The plugin ships a stdlib-only .xlsx reader. No openpyxl. No Crealytics JAR. Works on AIDP clusters that have neither PyPI access nor Maven access for the Crealytics dependency closure.

import os
from oracle_ai_data_platform_connectors.excel import read_xlsx_stdlib

xlsx_path = os.environ["EXCEL_PATH"]
header, *body = read_xlsx_stdlib(xlsx_path)
df = spark.createDataFrame(body, schema=header)
df.show()

Limitations: read-only (no stdlib path to write .xlsx), first sheet only by default (pass sheet_path="xl/worksheets/sheet2.xml" for others), best-effort cell type coercion. Good for ingestion of small-to-medium workbooks; for big files (>50 MB) prefer Option A's com.crealytics.spark.excel JAR for parallel reads.

The implementation is at scripts/oracle_ai_data_platform_connectors/excel.py.

Option A — `com.crealytics.spark.excel` format

Cluster prerequisite

Upload the Crealytics Spark Excel jar (and its Apache POI dependencies) to a Volume and attach via the cluster Library tab:

JAR	Maven coordinates
spark-excel	`com.crealytics:spark-excel_2.12:3.5.0_0.20.4` (matches Spark 3.5; pick the `_<spark-ver>_<release>` matching your cluster)
poi	bundled with spark-excel; if missing, add `org.apache.poi:poi-ooxml:5.2.5` and transitive deps

import os

excel_path = os.environ["EXCEL_PATH"]   # e.g. /Volumes/default/default/uploads/data.xlsx

df = (spark.read
      .format("com.crealytics.spark.excel")
      .option("header", "true")
      .option("inferSchema", "true")
      .option("dataAddress", "'Sheet1'!A1")    # optional — default is first sheet, A1
      .load(excel_path))
df.show()

Strengths: parallel reads on large workbooks; predicate pushdown.

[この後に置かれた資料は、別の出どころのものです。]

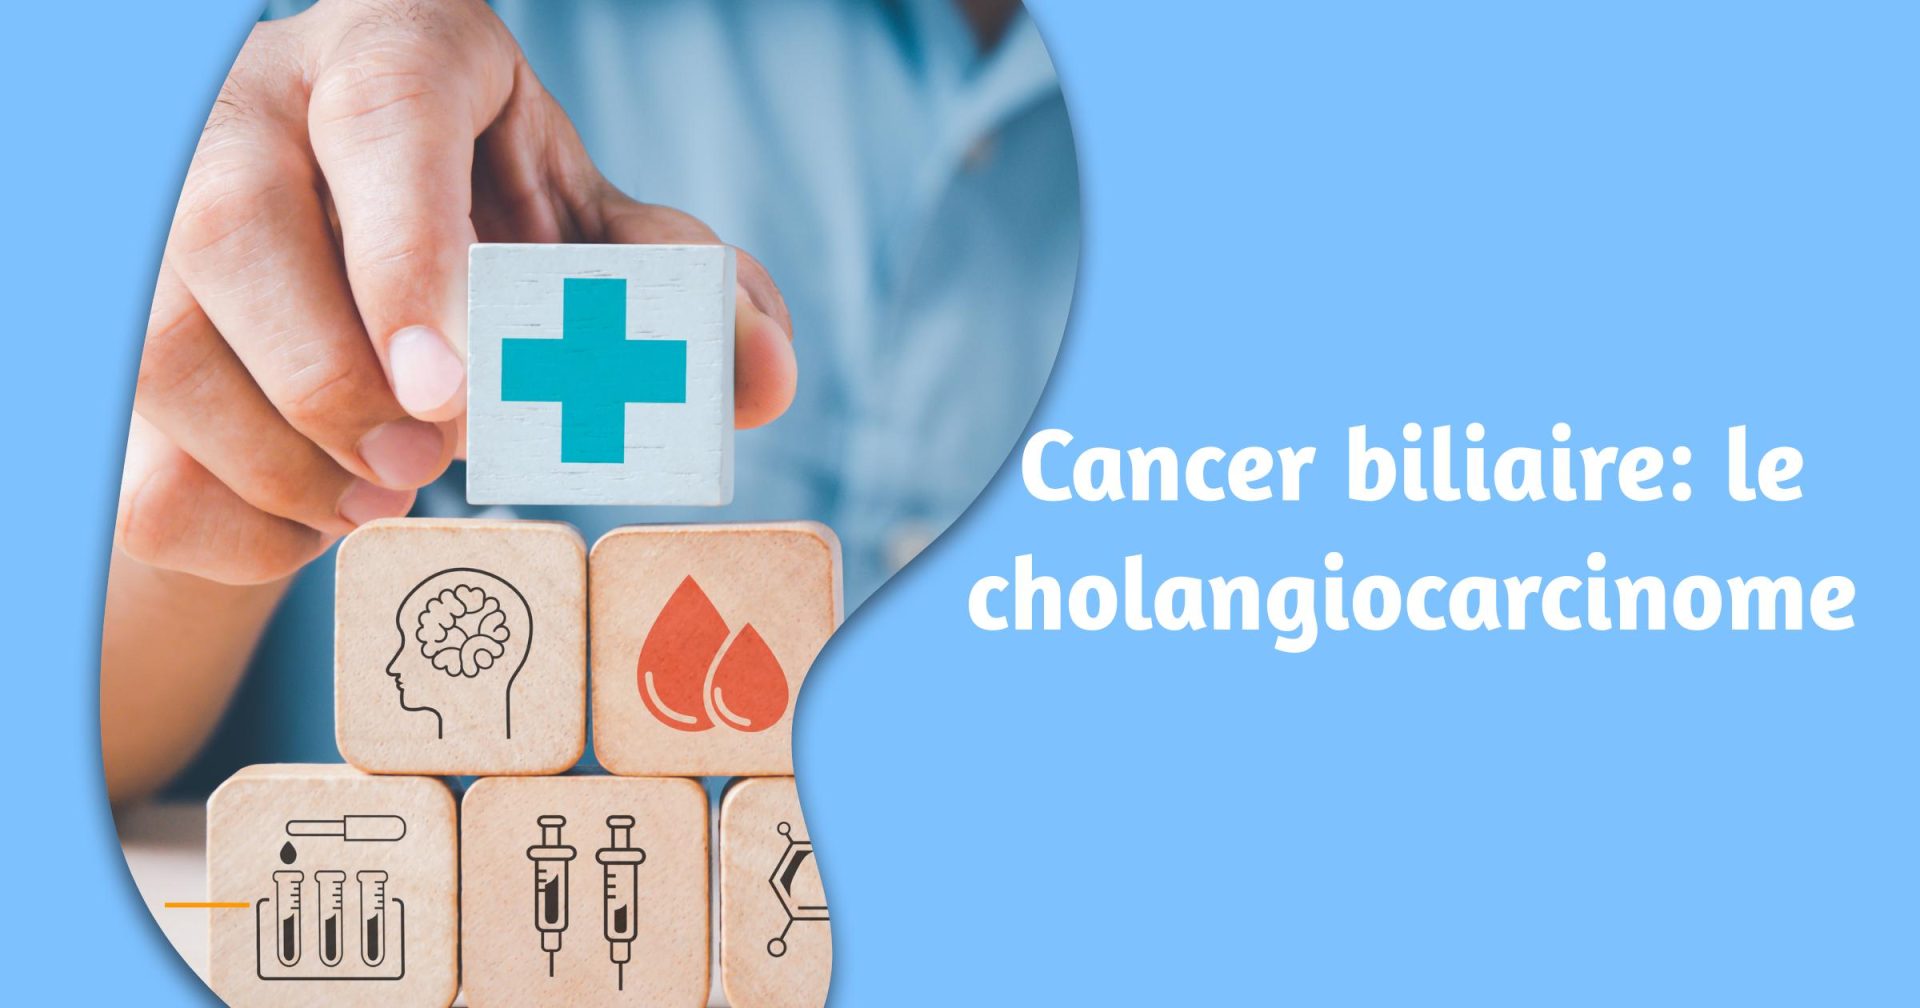 Cancer biliaire: le cholangiocarcinome

Option B — pandas → CSV → Spark (no jars)

import os, pandas as pd

excel_path = os.environ["EXCEL_PATH"]
csv_path   = excel_path.replace(".xlsx", ".csv")

# Read with pandas (single-threaded, in-driver)
pdf = pd.read_excel(excel_path)

# Convert to CSV in the same Volume / Object Storage path
pdf.to_csv(csv_path, index=False)
print(pdf.head())

# Re-read as Spark for distributed downstream work
df = spark.read.csv(csv_path, header=True, inferSchema=True)
df.show()

Strengths: no cluster JAR install. Tradeoff: driver-side single-threaded read; OOM risk for files >500 MB.

Gotchas

com.crealytics.spark.excel jar version must match the cluster's Spark version. A 3.4 jar on a 3.5 cluster errors out at format registration time.
dataAddress for multi-sheet files — "'Sheet 2'!A1" (note quotes around sheet name with spaces).
inferSchema=true is slow for big files — pre-declare schema with .schema(...) for production jobs.
Encoding / merged cells — pandas handles most quirks; the Spark Excel jar can choke on merged-cell headers. If you see misaligned columns, prefer Option B.
Excel files in oci:// — both options work; pass oci://bucket@ns/path/file.xlsx directly, or pre-stage to /Volumes/... for repeated reads.

References

Official sample: oracle-samples/oracle-aidp-samples → data-engineering/ingestion/Read_excel_data/read_excel.ipynb
Crealytics Spark Excel: https://github.com/crealytics/spark-excel

原文・著作権は Anthropic および各プラグイン作者に帰属します。日本語訳は Claude API による自動翻訳です。